Chemical and physical data
- Formula: C_{28}H_{44}O_{3}
- Molar mass: 428.657 g·mol^{−1}
- 3D model (JSmol): Interactive image;
- SMILES CCCCCCCCCC(=O)O[C@H]1CC[C@@H]2[C@@]1(CC[C@H]3[C@H]2CCC4=CC(=O)CC[C@H]34)C;
- InChI InChI=1S/C28H44O3/c1-3-4-5-6-7-8-9-10-27(30)31-26-16-15-25-24-13-11-20-19-21(29)12-14-22(20)23(24)17-18-28(25,26)2/h19,22-26H,3-18H2,1-2H3/t22-,23+,24+,25-,26-,28-/m0/s1; Key:JKWKMORAXJQQSR-MOPIKTETSA-N;

= Nandrolone decanoate =

Anabolic steroid

Nandrolone decanoate, sold under the brand names Rolon and Deca-Durabolin, among others, is an androgen and anabolic steroid (AAS) medication which is used primarily in the treatment of anemias and wasting syndromes, as well as osteoporosis in menopausal women. It is given by injection into muscle or fat once every one to four weeks.

Side effects of nandrolone decanoate may include symptoms of masculinization like acne, increased hair growth, and voice changes. The medication is a synthetic androgen and anabolic steroid and hence is an agonist of the androgen receptor (AR), the biological target of androgens like testosterone and dihydrotestosterone (DHT). It has strong anabolic effects and weak androgenic effects, which give it a mild side effect profile and make it especially suitable for use in women and children. Nandrolone decanoate is a nandrolone ester and a long-lasting prodrug of nandrolone in the body.

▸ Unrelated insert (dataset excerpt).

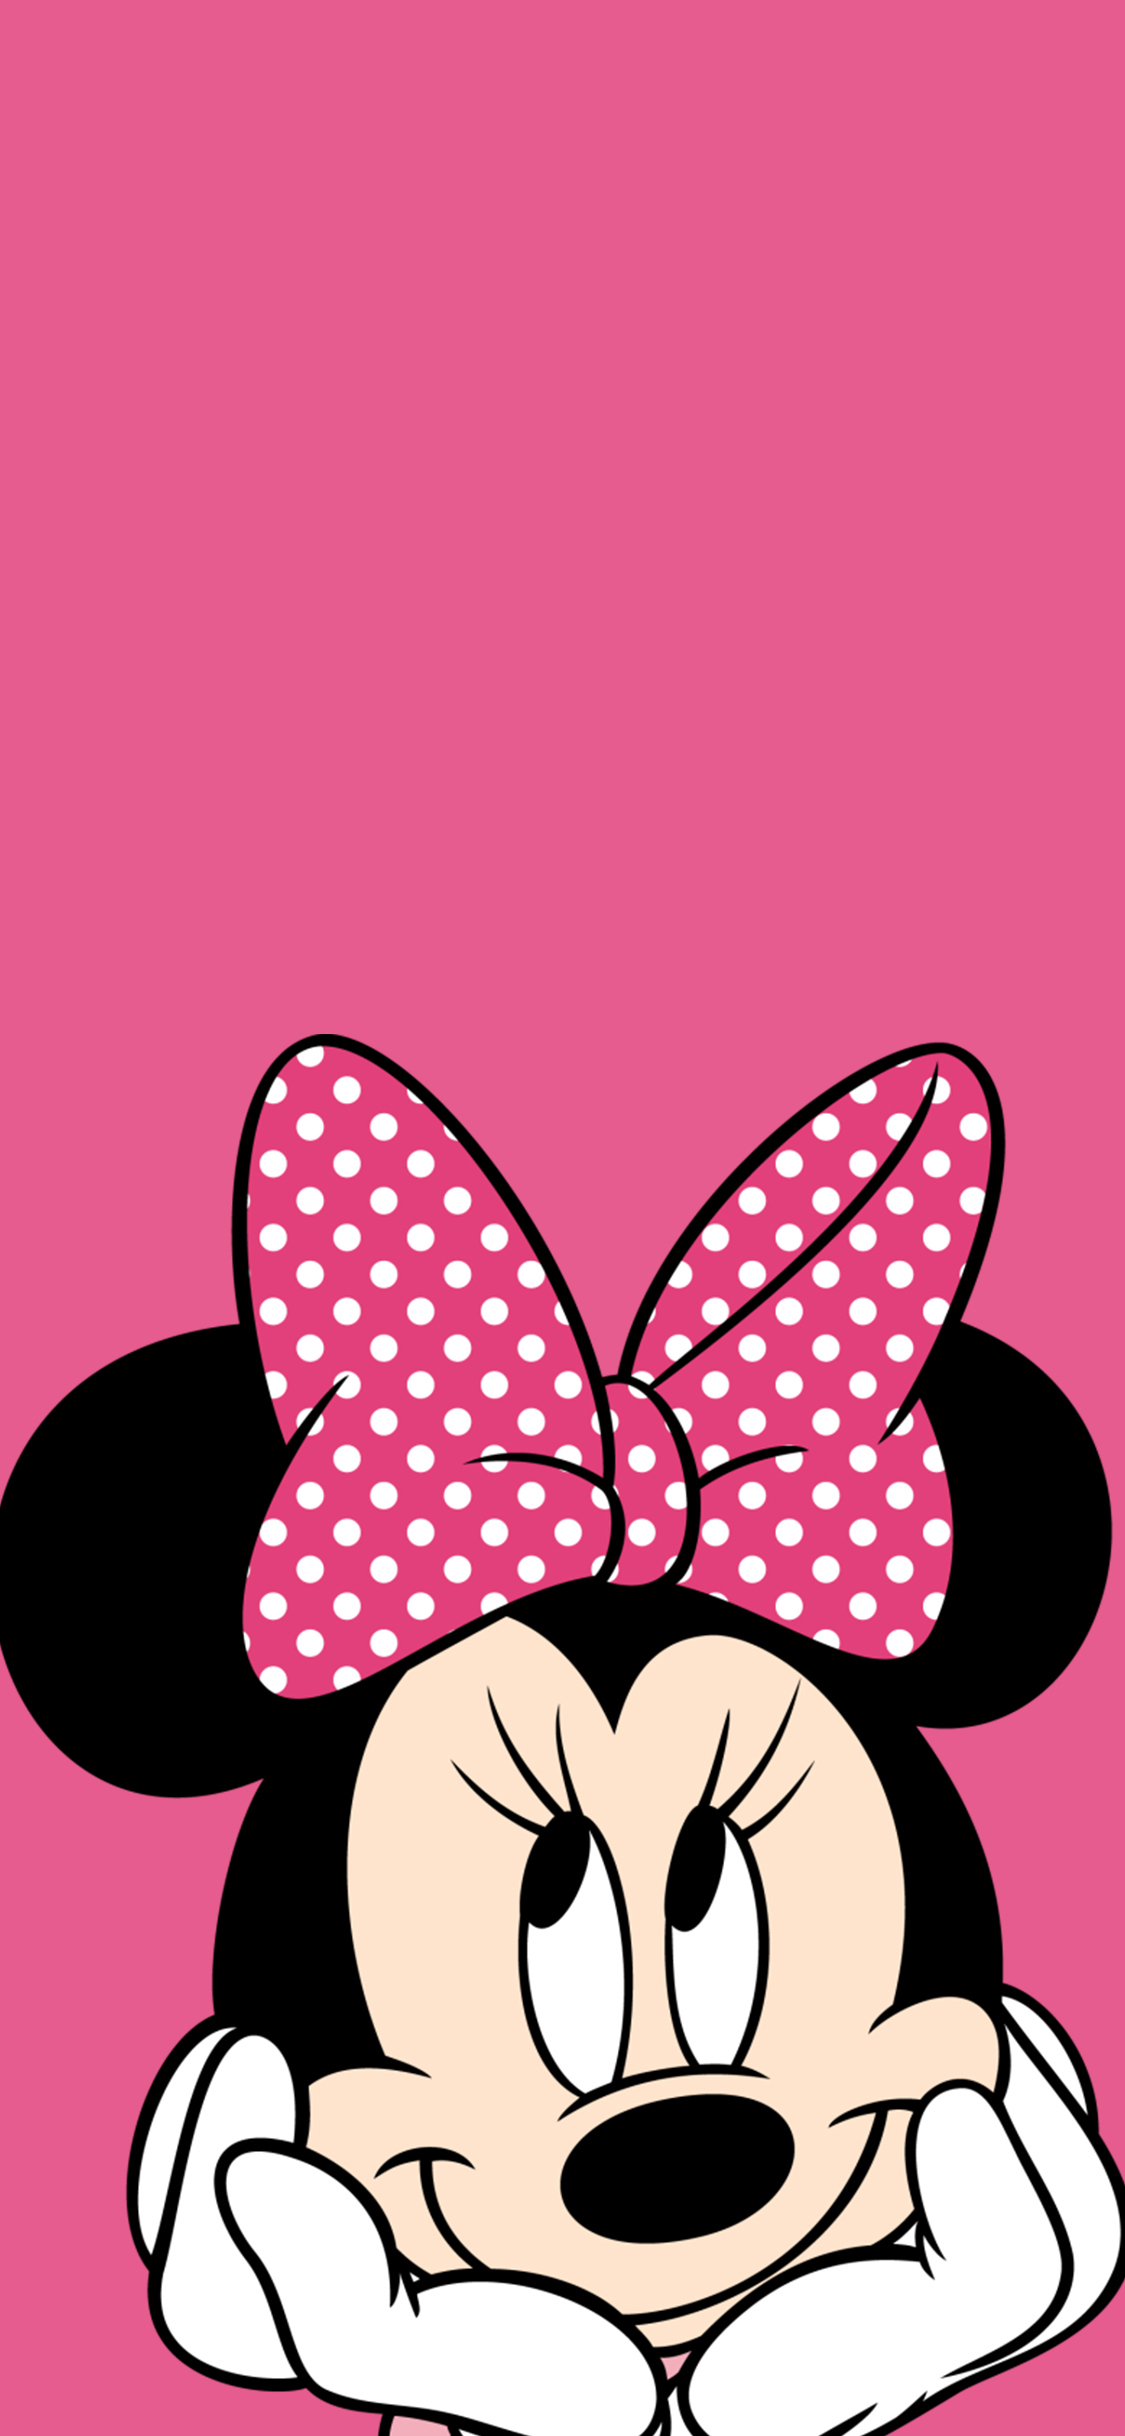 米妮 米老鼠 粉色 迪士尼 动画 卡通 苹果手机高清 x

Nandrolone decanoate was first described in 1960 and was introduced for medical use in 1962. It was the second nandrolone ester to be introduced, following nandrolone phenylpropionate (NPP) in 1959, and is one of the most widely used nandrolone esters. It is also one of the most widely used AAS worldwide. In addition to its medical use, nandrolone decanoate is used to improve physique and performance, and is said to be the most widely used AAS for such purposes. The drug is a controlled substance in many countries and so non-medical use is generally illicit.

==Medical uses==

Nandrolone decanoate is approved in the United States specifically for the treatment of anemia of chronic kidney disease and in the United Kingdom specifically for the treatment of osteoporosis in postmenopausal women. In Australia, it is approved specifically for the treatment of kidney failure, chronic kidney disease, anemia of kidney failure, aplastic anemia, osteoporosis (in women in whom estrogens are contraindicated), inoperable breast cancer, and for patients on long-term corticosteroid therapy. In New Zealand, it is approved for osteoporosis, inoperable breast cancer, and as an adjunct to therapy for conditions characterized by a negative nitrogen balance. The drug is often used off-label to preserve lean mass in HIV/AIDS patients and in other wasting syndromes.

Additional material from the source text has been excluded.